Giese, M., Chiovetto, E., & Curio, C. (2012). Perceptual relevance of kinematic components of facial movements extracted by unsupervised learning. Poster presented at 35th European Conference on Visual Perception, Alghero, Italy.


Cite as: https://hdl.handle.net/11858/00-001M-0000-0013-B652-F
Abstract
The idea that complex facial or body movements are composed of simpler components (usually referred to as 'movement primitives'or 'action units') is common in motor control (Chiovetto 2011 Journal of Neurophysiology105(4), 1429-31.) as well as in the study of facial expressions (Ekman and Friesen, 1978). However, such components have rarely been extracted from real facial movement data.
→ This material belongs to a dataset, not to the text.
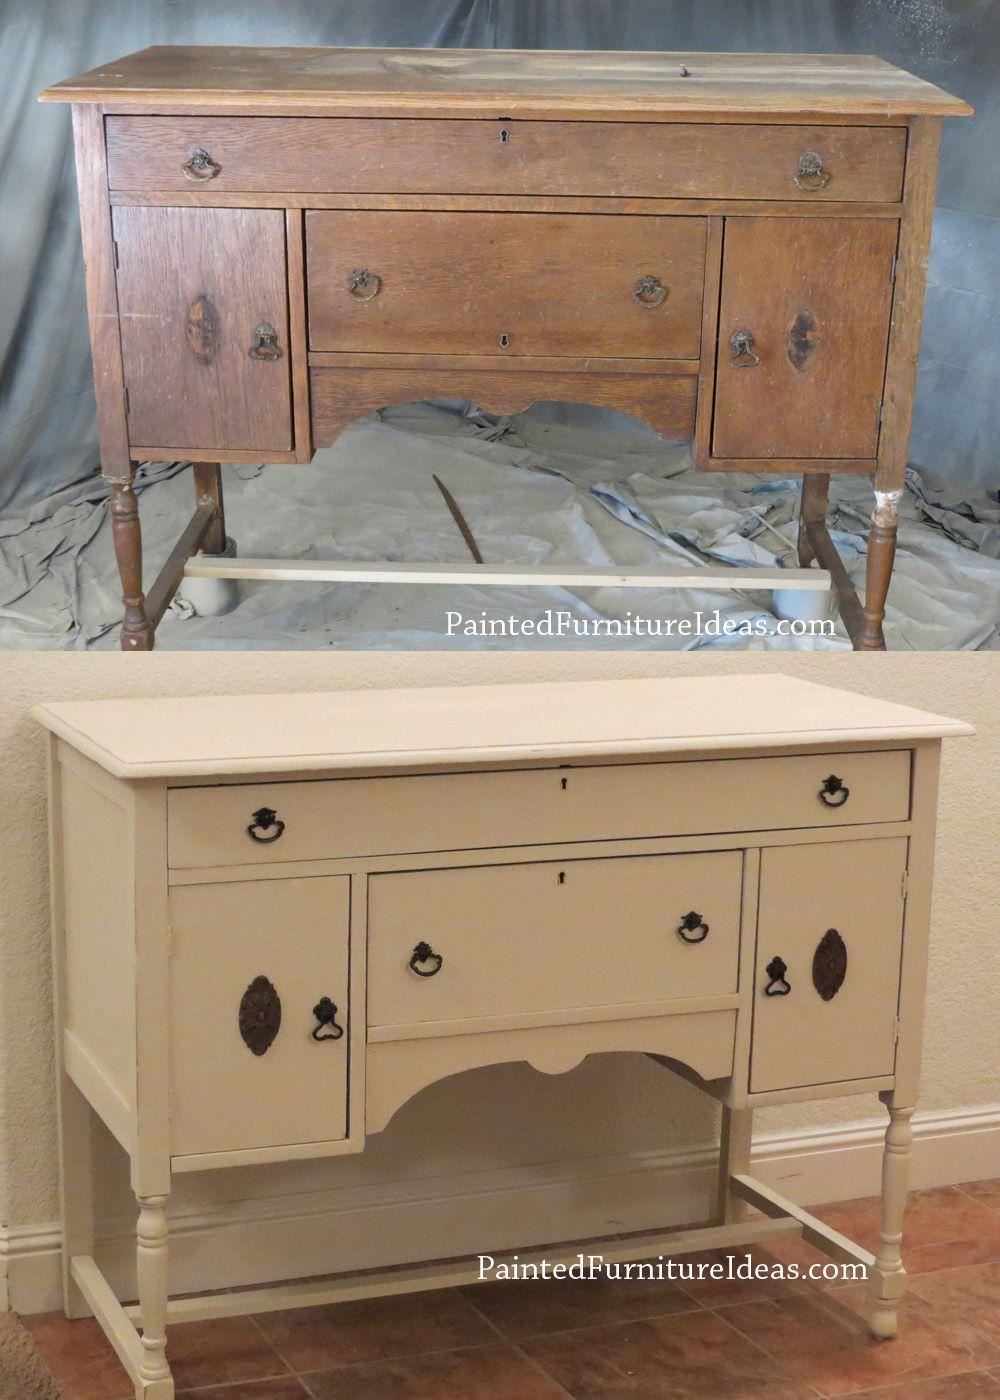 About us bricolage id es d co pinterest mobilier de - Retaper un meuble ...

Methods: Combining a novel algorithm for anechoic demixing derived from (Omlor and Giese 2011 Journal of Machine Learning Research121111-1148) with a motion retargetting system for 3D facial animation (Curio et al, 2010, MIT Press, 47-65), we estimated spatially and temporally localized components that capture the major part of the variance of dynamic facial expressions. The estimated components were used to generate stimuli for a psychophysical experiment assessing classification rates and emotional expressiveness ratings for stimuli containing combinations of the extracted components. Results: We investigated how the information carried by the different extracted dynamic facial movement components is integrated in facial expression perception. In addition, we tried to apply different cue fusion models to account quantitatively for the obtained experimental results.